Chris, Ray has produced a very useful chart that shows optimal broadband sub times for differing Gain settings , for three different f ratios and two different levels of darkness (SQM), it is published in the ASI1600 thread here.
Thanks Glen, I have seen that chart (and will use it for now), but I wanted to understand more, plus be able to do rough calculations quickly for other cameras and situations.
Quote:
Originally Posted by glend
I would suggest eliminating variables such as moon effect, and time of night light effects ( like nearby sports fields, neighbors, etc).
Of course narrowband is not as suscepable to 'external influences' imho.
So, you're suggesting finding a time to measure the best conditions then? New moon (or no moon around) night, neighbours asleep with lights off, etc.
This will then lead to finding the time to being sky limited under the best conditions, which will be longer than in most times of the night/month (suboptimal conditions). If you're taking exposures over a number of hours or nights, you're likely to keep T consistent (for darks, stacking, etc). Therefore, if I understand correctly, a proportion of those exposures are going to be longer than the current sky limited value at the time of being taken. And this in turn should mean that it's ok to go above this time, but you're not going to gain anything extra (you're just wasting a bit of time).
It's interesting to see this discussion on theoretical SNR....

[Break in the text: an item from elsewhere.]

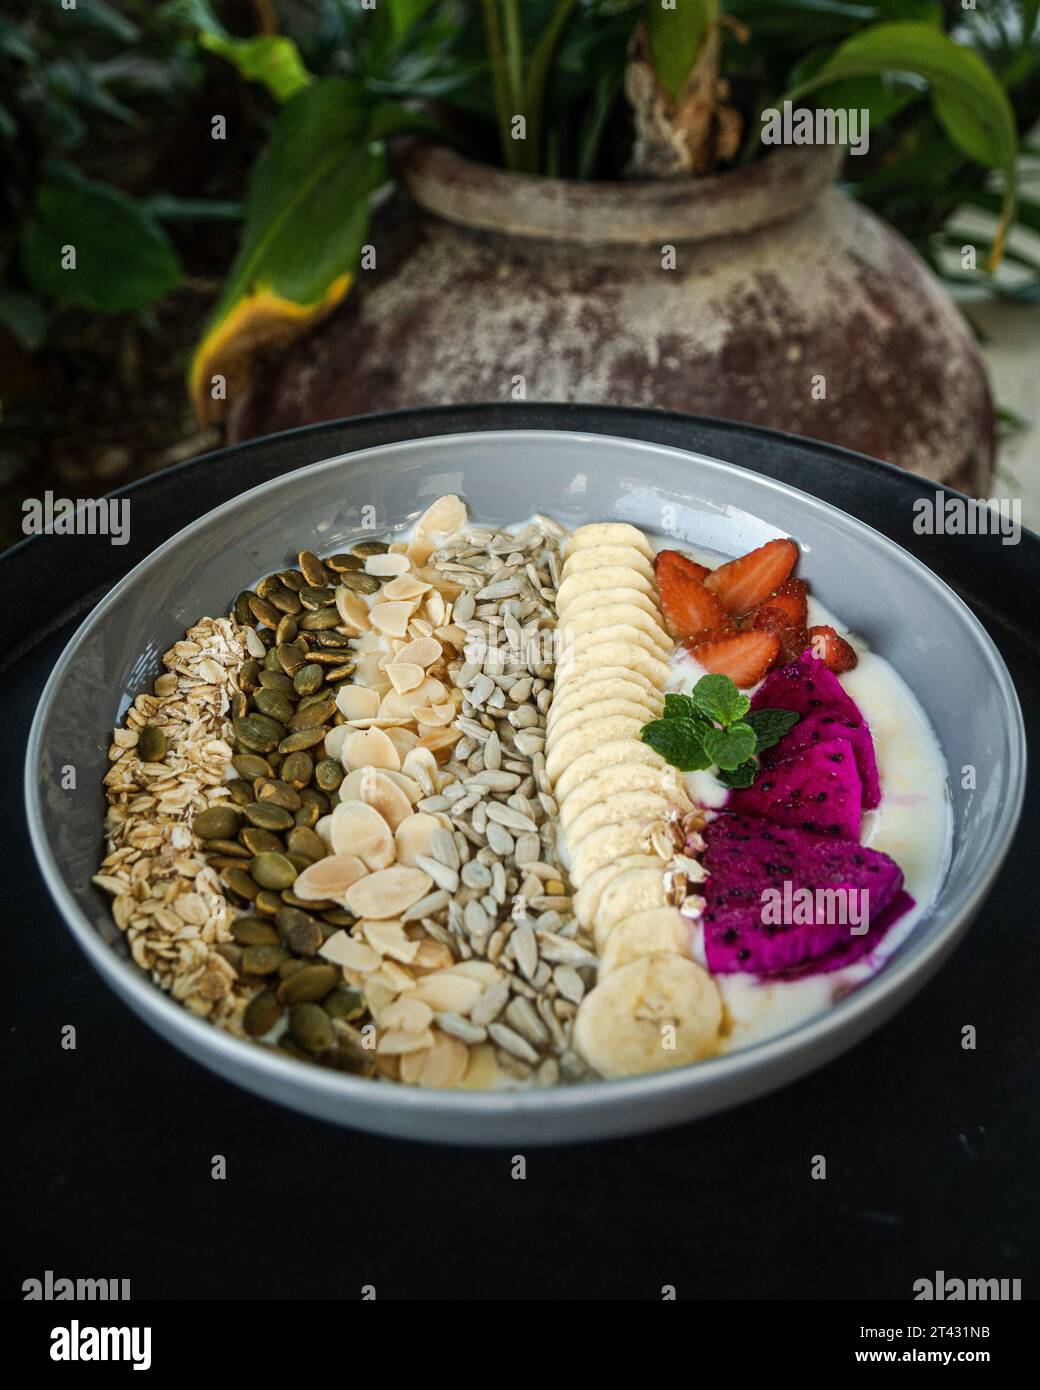 Close-up of a bowl of yogurt with fresh strawberries, dragon fruit, bananas, nuts and seeds Stock Photo

I doubt many AP imagers actually measure the SNR in their images.
In spectroscopy we must measure the actual SNR in our data to comply to the ProAm campaign requirements.
We usually have to target SNR>200
The shot noise contribution is not IMHO affected by the use and summing of subs. The total signal determines the shot noise.
Data of 100,000 photons will have a shot SNR of 316 whether it came from 1 or ten subs.
Also remember that ANY manipulation of the data will add noise. This goes for darks, flats, colour balance corrections etc. etc. etc.
In the SimSpec spreadsheet we use to analyse the performance of the spectrograph Christian Buil presented a method of calculating the anticipated SNR which includes all the factors discussed.
(See also: Howell's "Handbook of CCD Astronomy", Sect. 4.4, p73 gives the "CCD Equation", Budding & Demircan's "Introduction to Astronomical Photometry, Sect 5.2.6 - Noise in photometry, p188, Appenzeller's "Introduction to Astronomical Spectroscopy", Sect. 3.4.2, p78)
(The SNR comments above are based on the original post:
3) All else being equal, then for the very faintest targets, the snr is proportional to exposure time T, but proportional only to the square root of the number of subs N. That means that for very faint targets, it will be hugely better to do ten 3600 second subs than 36,000 one-second subs. It will be better by a ratio of 3600 root(10) to 1 root(36000), or a ratio of six to one. Long subs rule.)
...................
3) All else being equal, then for the very faintest targets, the snr is proportional to exposure time T, but proportional only to the square root of the number of subs N. That means that for very faint targets, it will be hugely better to do ten 3600 second subs than 36,000 one-second subs. It will be better by a ratio of 3600 root(10) to 1 root(36000), or a ratio of six to one. Long subs rule.)
I have nothing useful to add to this other than: amen
... The shot noise contribution is not IMHO affected by the use and summing of subs. The total signal determines the shot noise.
Data of 100,000 photons will have a shot SNR of 316 whether it came from 1 or ten subs. ...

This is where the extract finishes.